▶ _Task brief_: The reply should consist solely of the lines from the one with "Todd the Toad" through the final line of the listing, copied exactly, with no pictures.

▶ _Dataset section_:

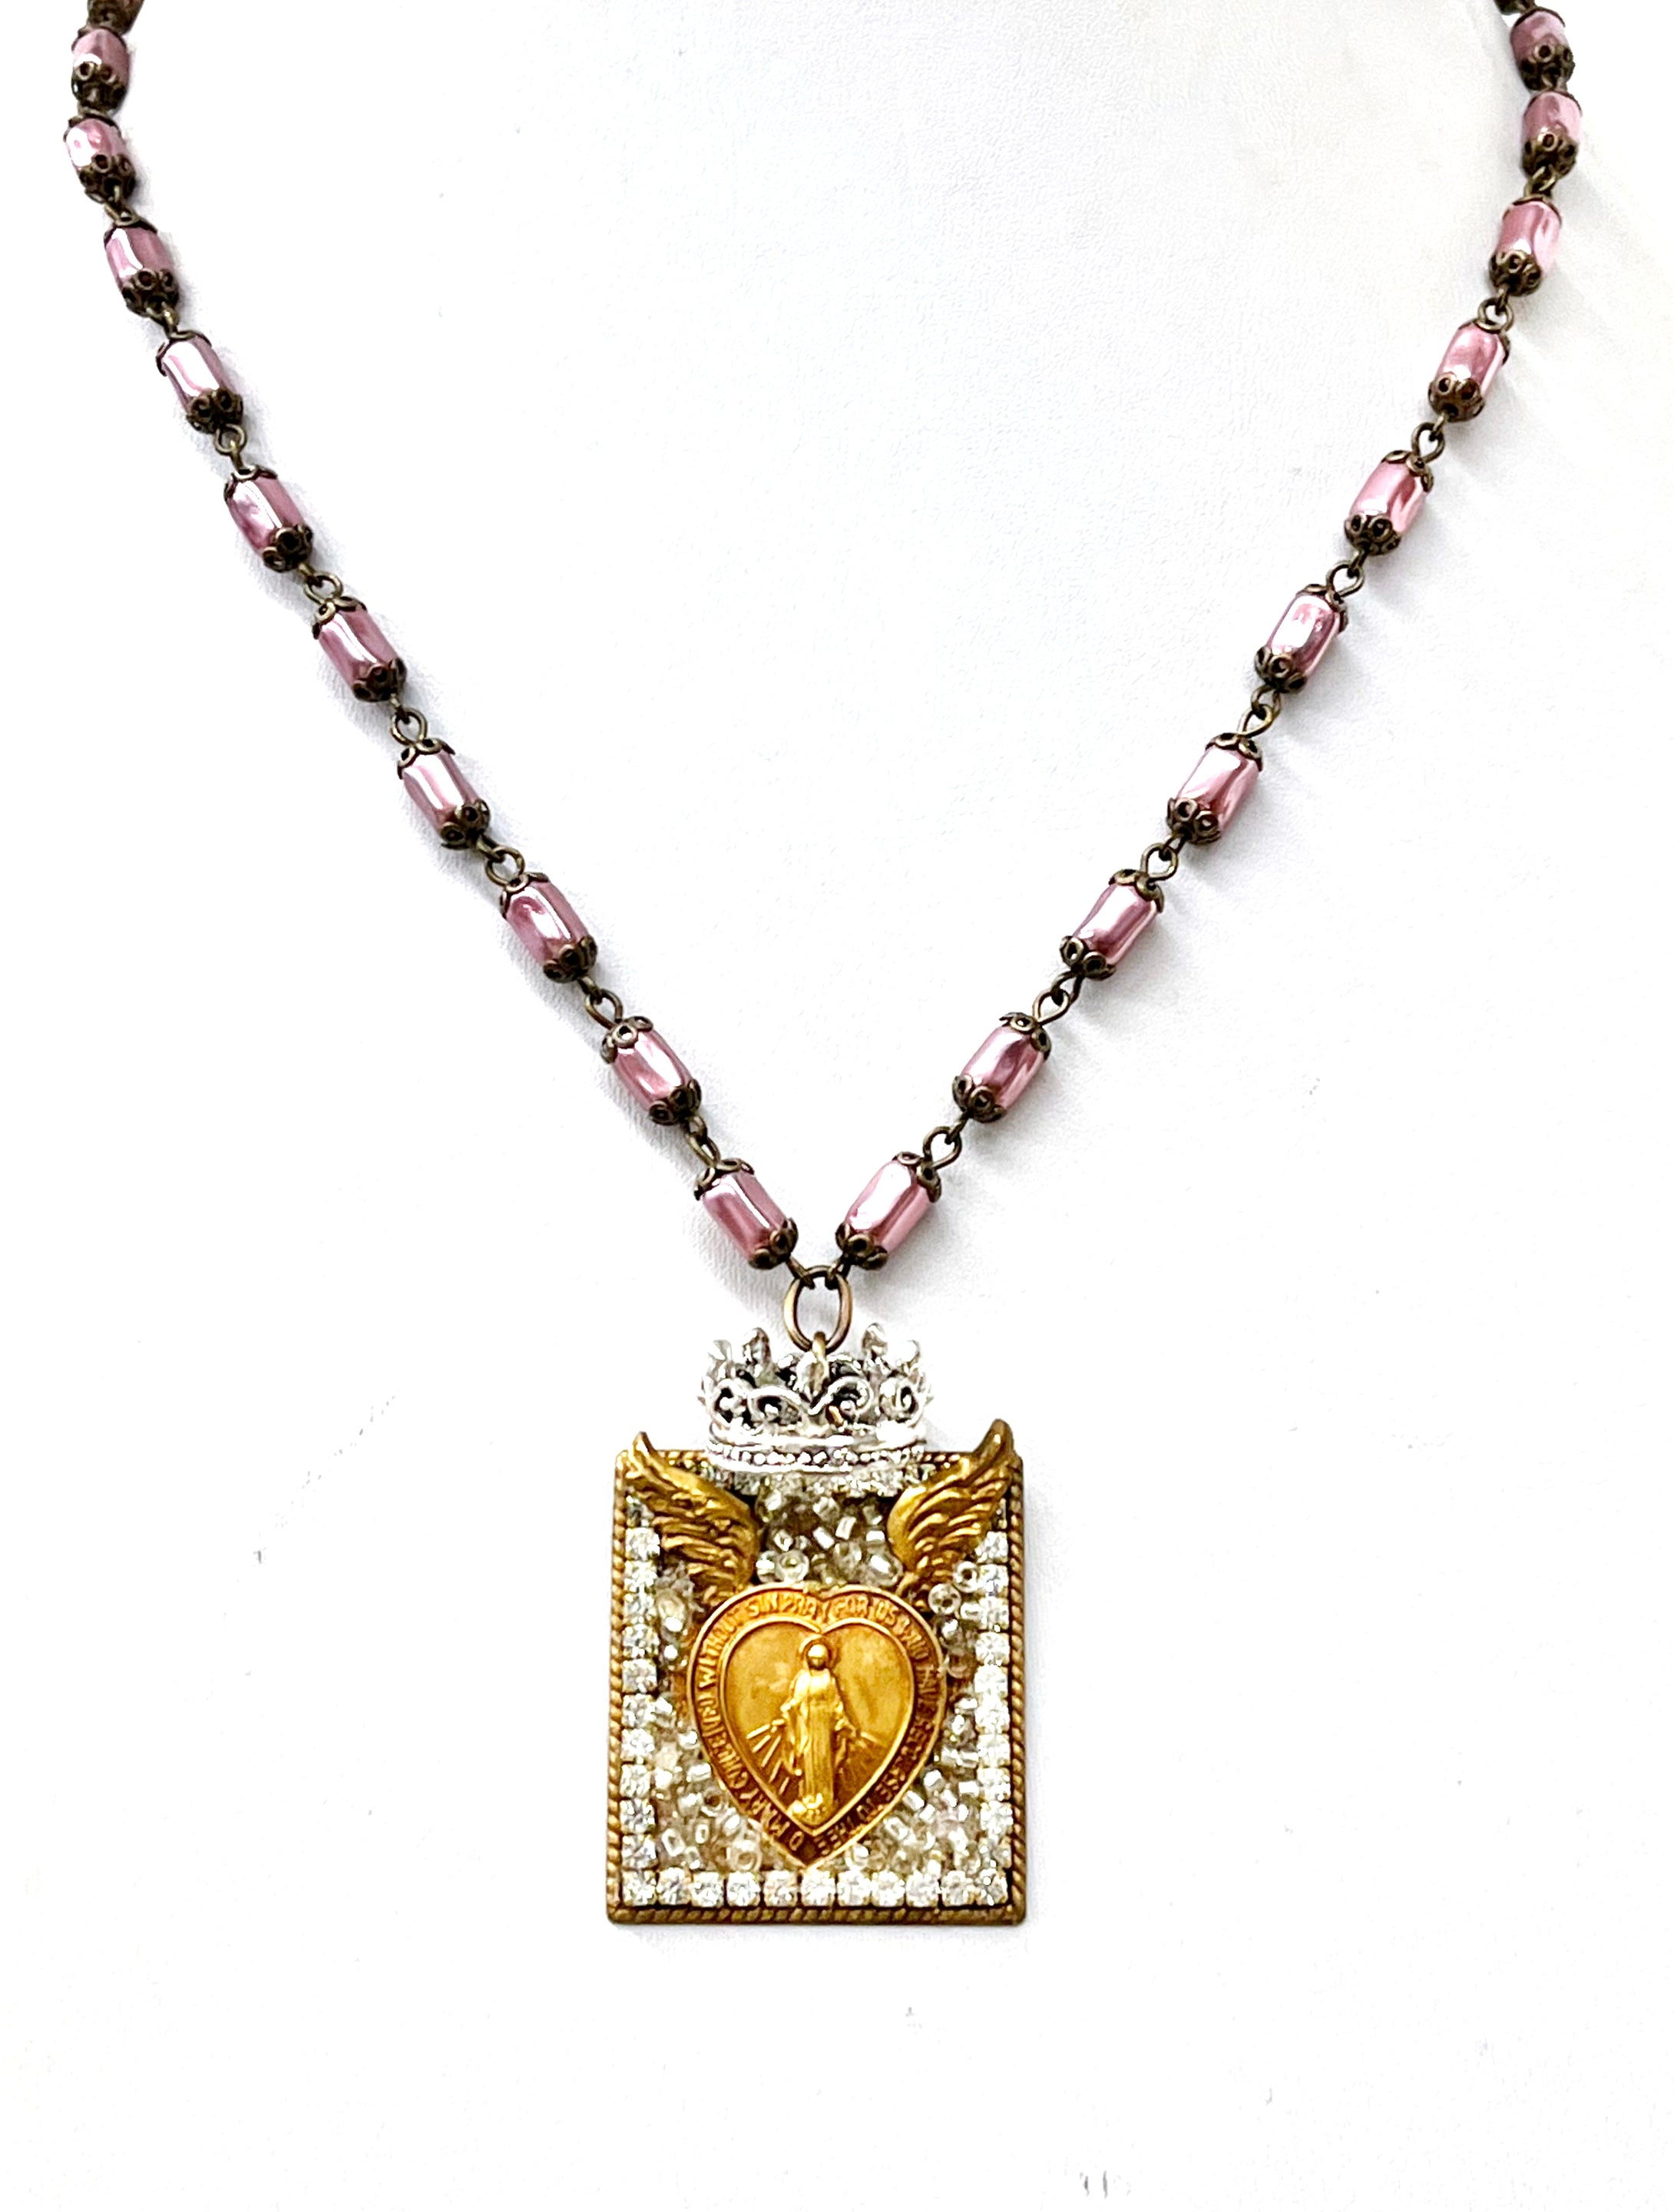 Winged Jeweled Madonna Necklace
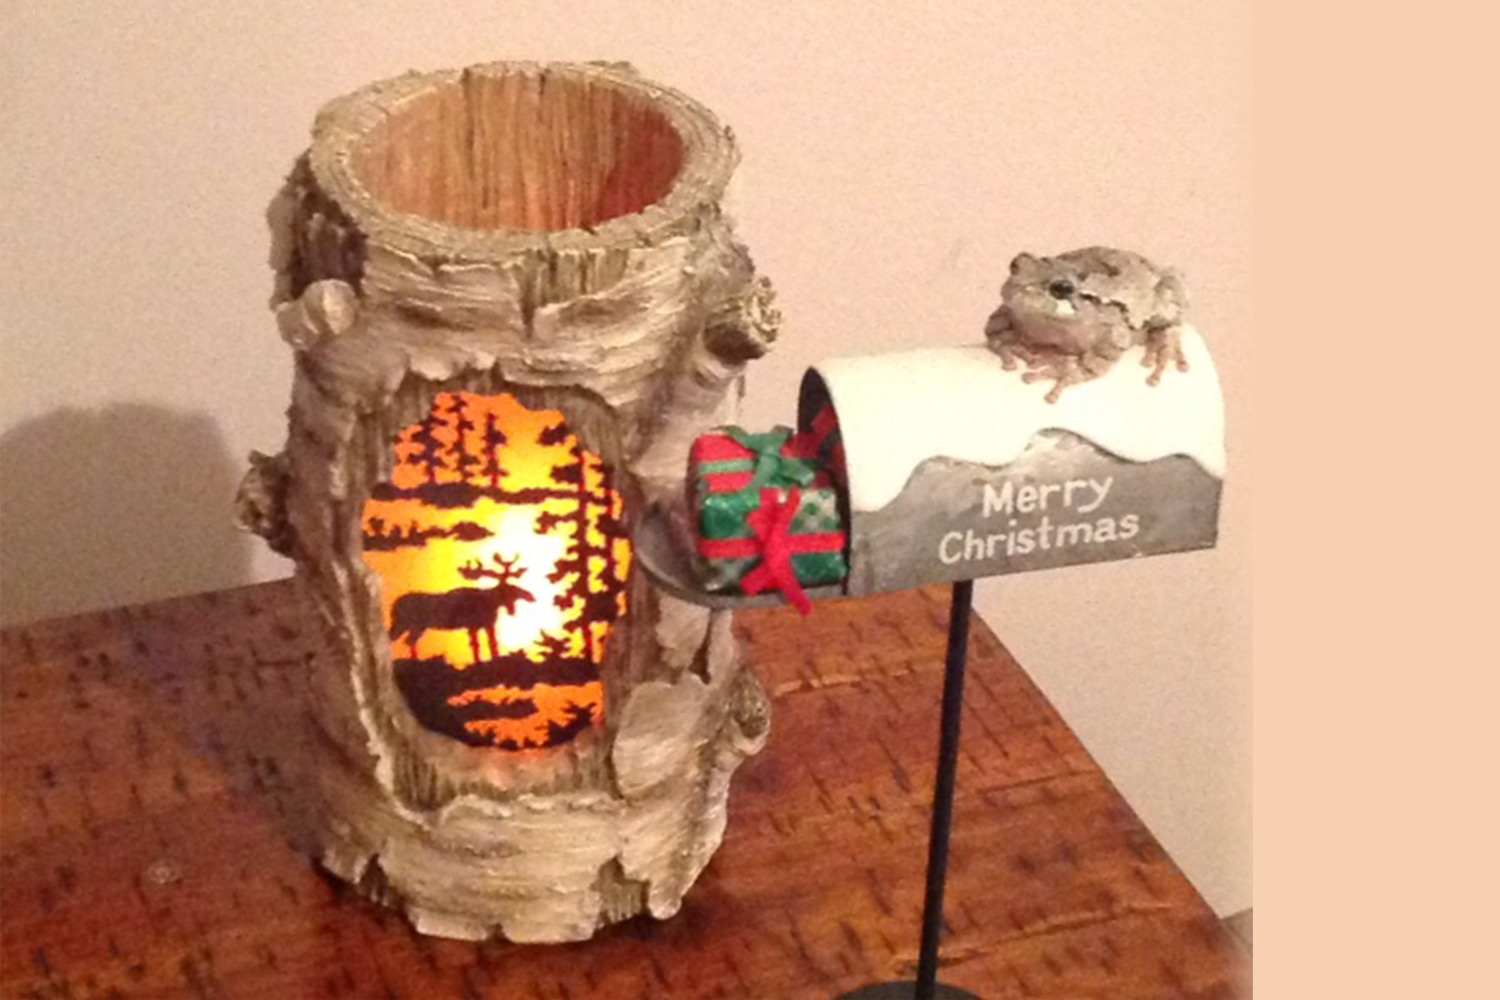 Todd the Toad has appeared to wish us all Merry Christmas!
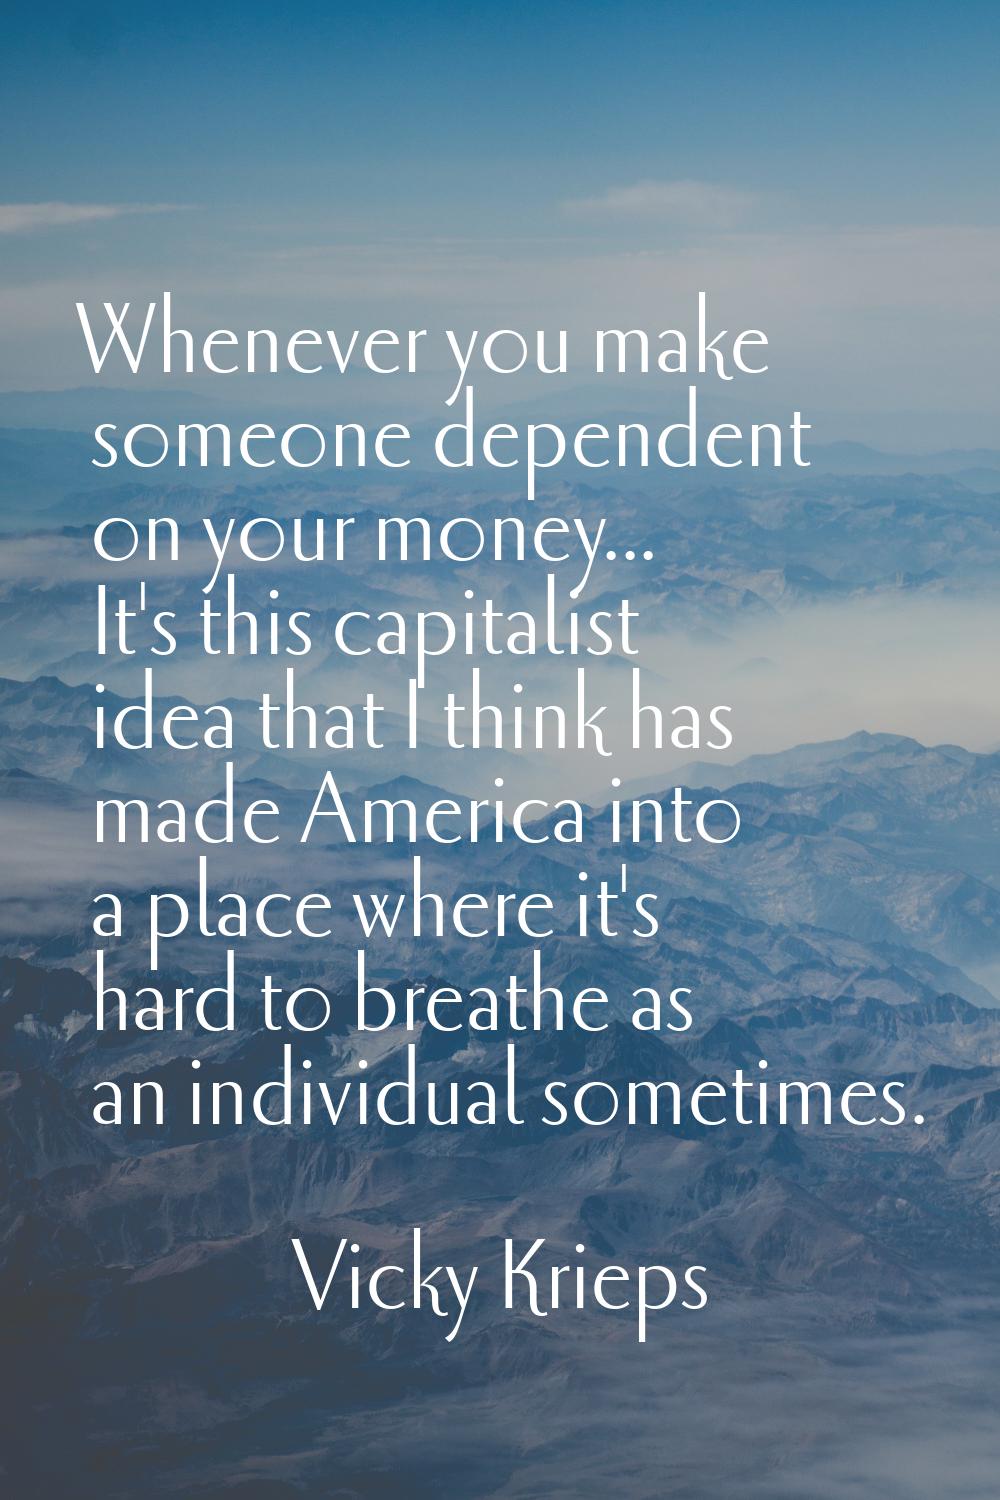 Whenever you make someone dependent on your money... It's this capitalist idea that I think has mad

▶ _Expected answer_:
 Todd the Toad has appeared to wish us all Merry Christmas!
 Whenever you make someone dependent on your money... It's this capitalist idea that I think has mad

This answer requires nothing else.